Here, the award of $250,000 per breach would be the same regardless of what harm (if any) actually befell the non-breaching party. It is therefore conceivable that the non-breaching party could collect more in liquidated damages than the actual harm suffered. Thus, the liquidated damages sum has the potential of conferring a windfall to the non-breaching party. This result is unacceptable and unenforceable as it constitutes an award that is disproportionate to the actual harm. See Coleman v. B.R. Chamberlain & Sons, Inc., 766 So.2d 427, 429 (Fla. 5th DCA 2000).
We thus conclude that the liquidated damages clause was unenforceable because the damages were readily ascertainable, and it constituted a penalty.
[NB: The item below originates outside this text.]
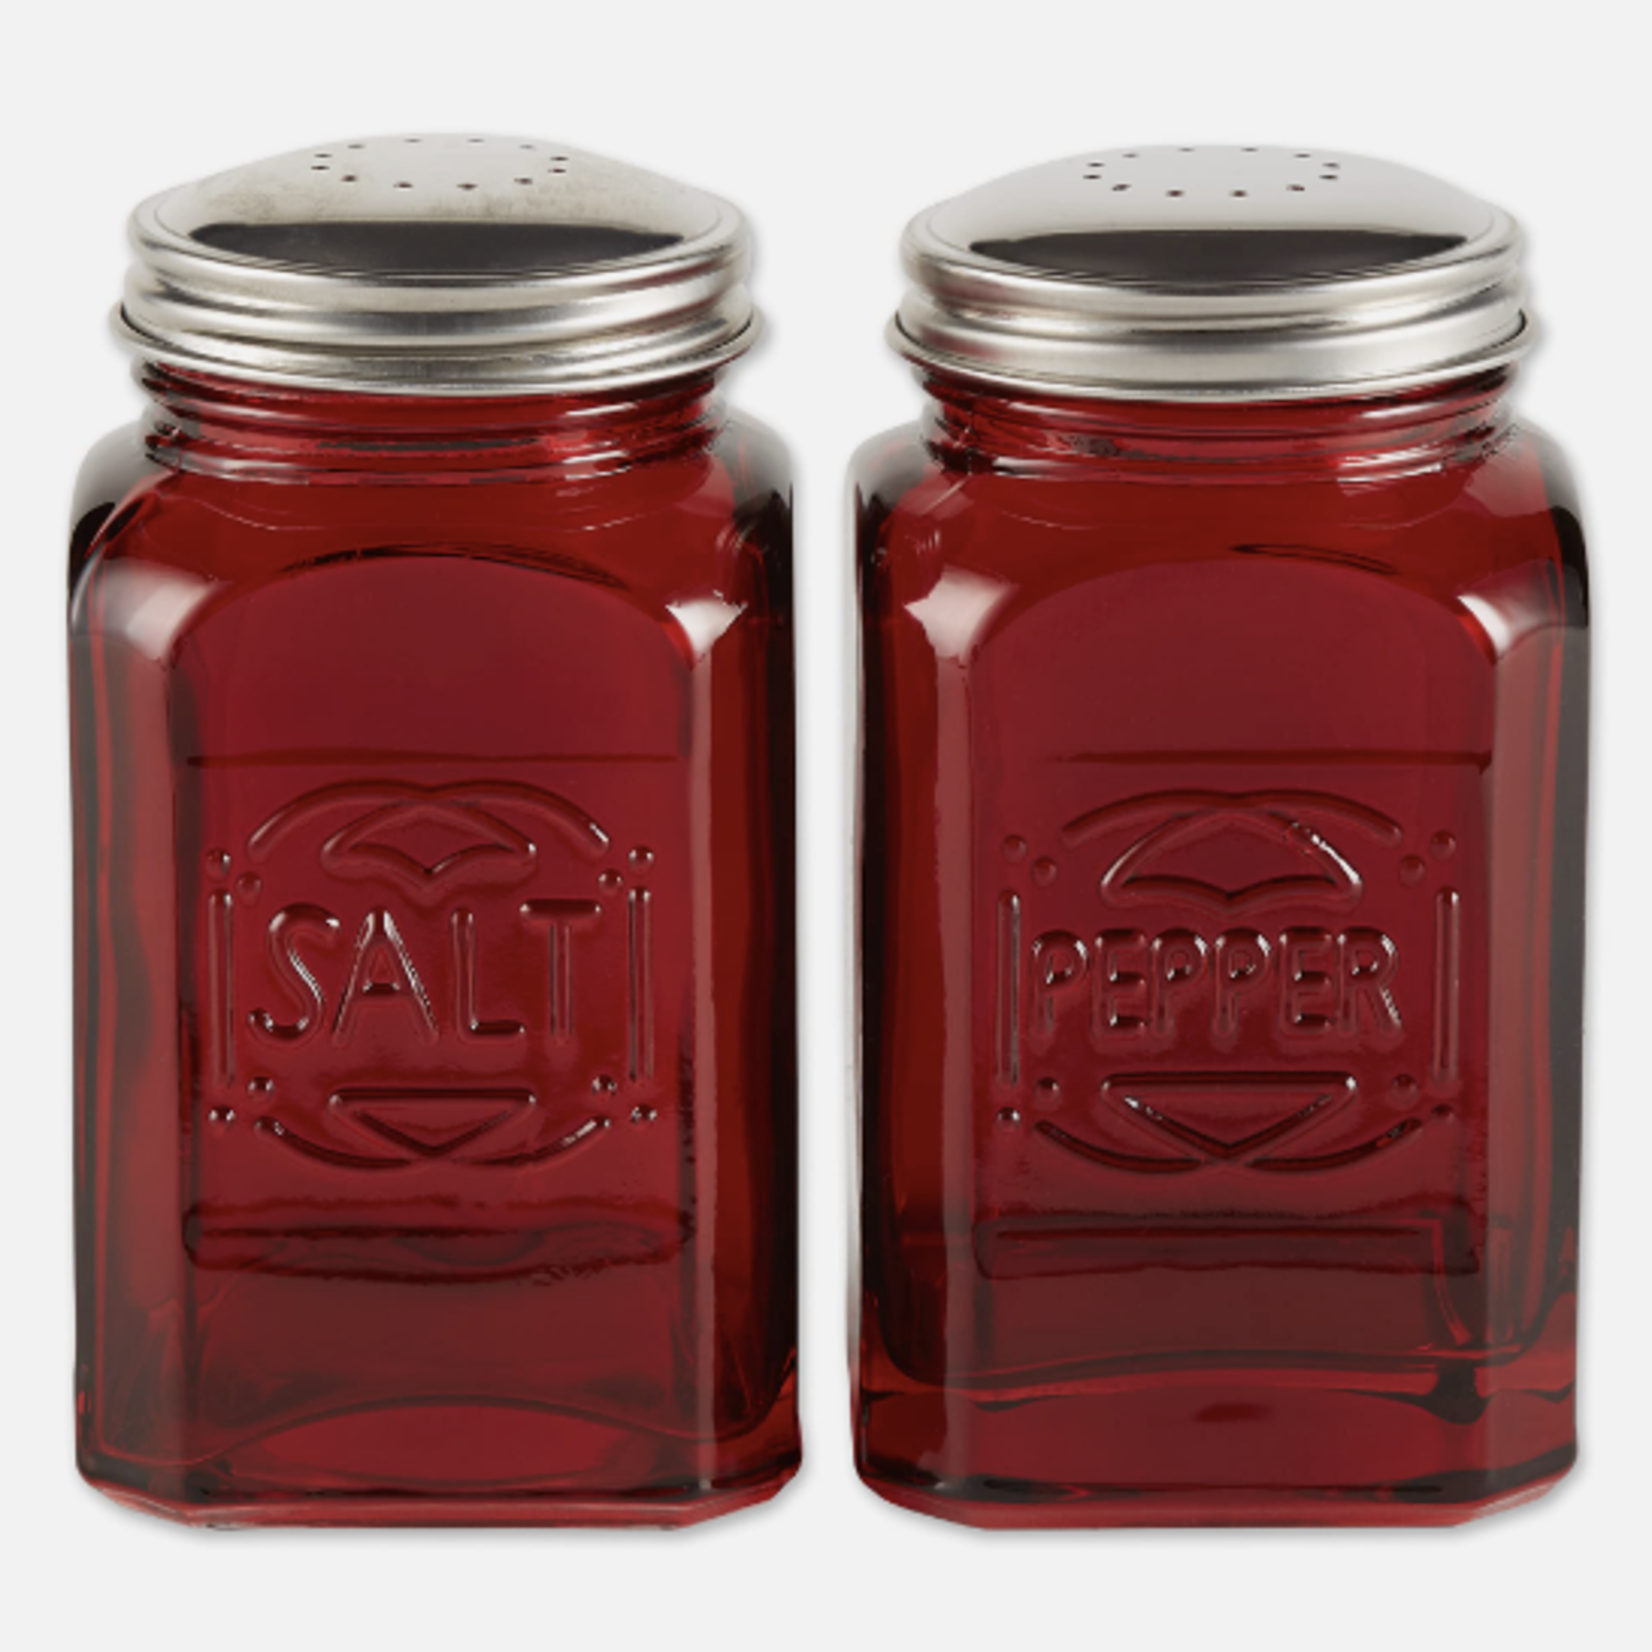 RSVP Retro Salt & Pepper Shakers - Red, 8 oz. (.24L)

Accordingly, we reverse the judgment award of $4,969,339 and remand for a proper determination of the actual damages. We affirm the final judgment in all other respects, including the trial court's conclusion that the restrictive covenant was enforceable and that Valerie Goldblatt was jointly and severally liable.
Affirmed in part, reversed in part, and remanded for further proceedings consistent with this opinion.